Kristy- I don't have any women here to ride with, but I would go without my husband if there were. I care more about riders attitudes and how reliable they are than anything. The people I ride with are people I'd be comfortable riding with whether my husband is there or not. And if it's someone I wouldn't want to ride with alone, we probably wouldn't go with them anyway. 90% of the time I can get my sled unstuck or out of a tree myself. It might take more time, but unless it really just involves brute strength I'm confident I can eventually get out. I also try to know my sled mechanically as well as I can. I carry tools, and lots of other things that I've ended up needing. Adds a few pounds, but I can fix my sled on the mountain for the most part. Most of the guys we ride with are better mechanics than I am, but I'm pretty comfortable with my mechanical abilities without them also.
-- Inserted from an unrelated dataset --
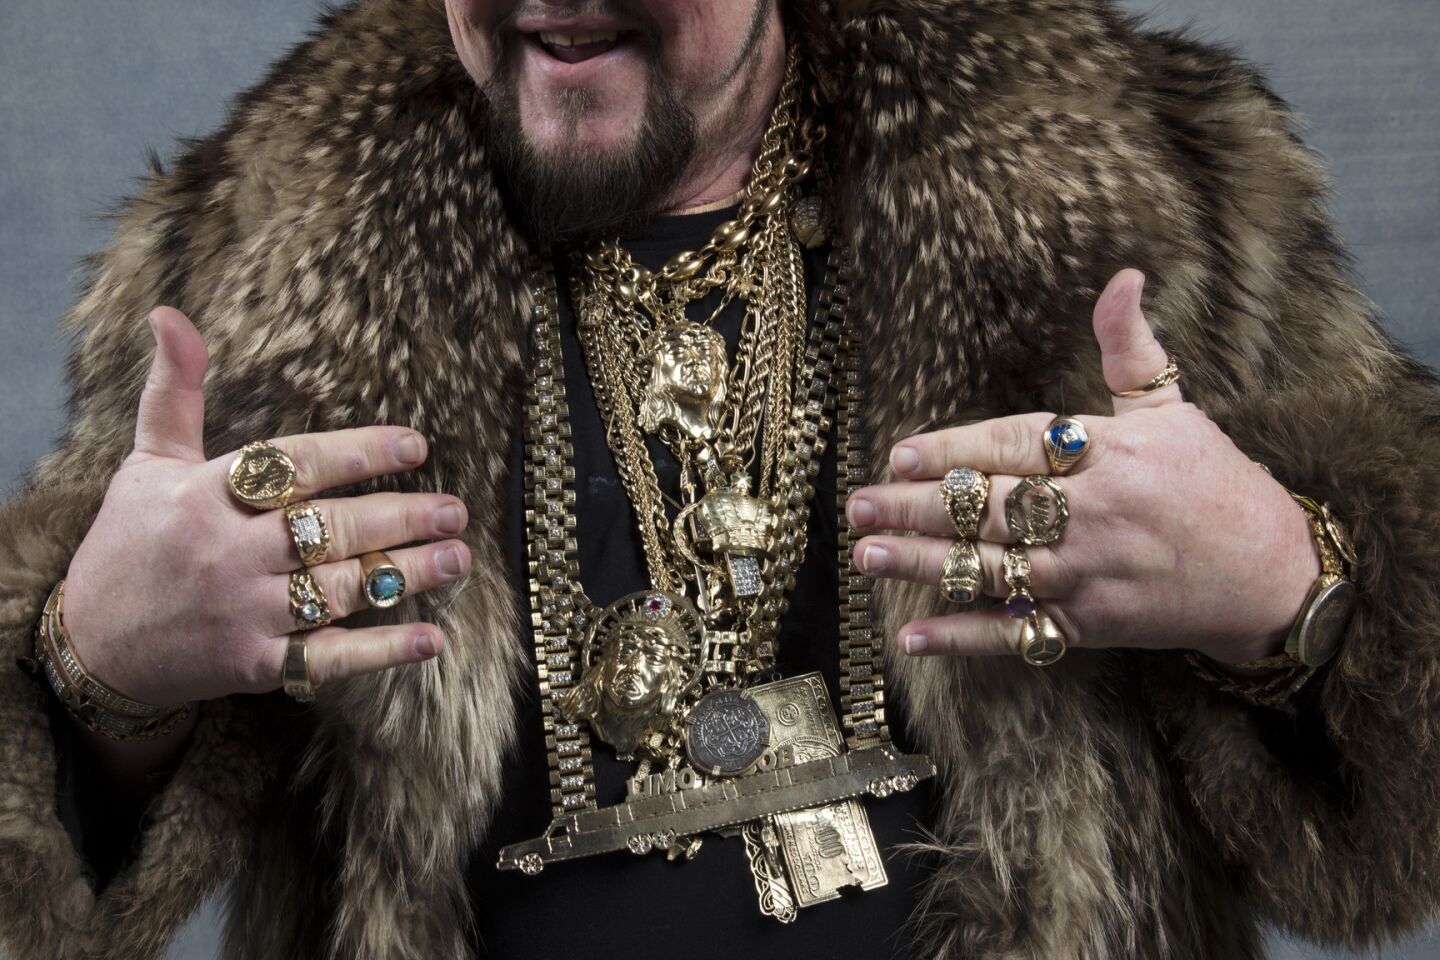 Limo Bob and his bling from the film "Generation Wealth," photographed in the L.A. Times studio at Chase Sapphire on Main in Park City, Utah. FULL COVERAGE: Sundance Film Festival 2018 »

(I will admit I have read my shop manual several times). I think learning your sleds mechanics and carrying your own tools, as well as learning to get your sled out of bad situations, can go a long ways towards your confidence. Knowing I can handle most difficult situations without a guy around makes a difference in my riding. But when I'm riding with guys (brute strength available!) that I can trust and depend on, I feel I can take more risks. If I was riding with one other girl, I wouldn't get myself into some of the situations I do. But with several women together, well I've seen how effective that can be with sticks and trees. Don't underestimate the creativeness and strength of a bunch of experienced women riders!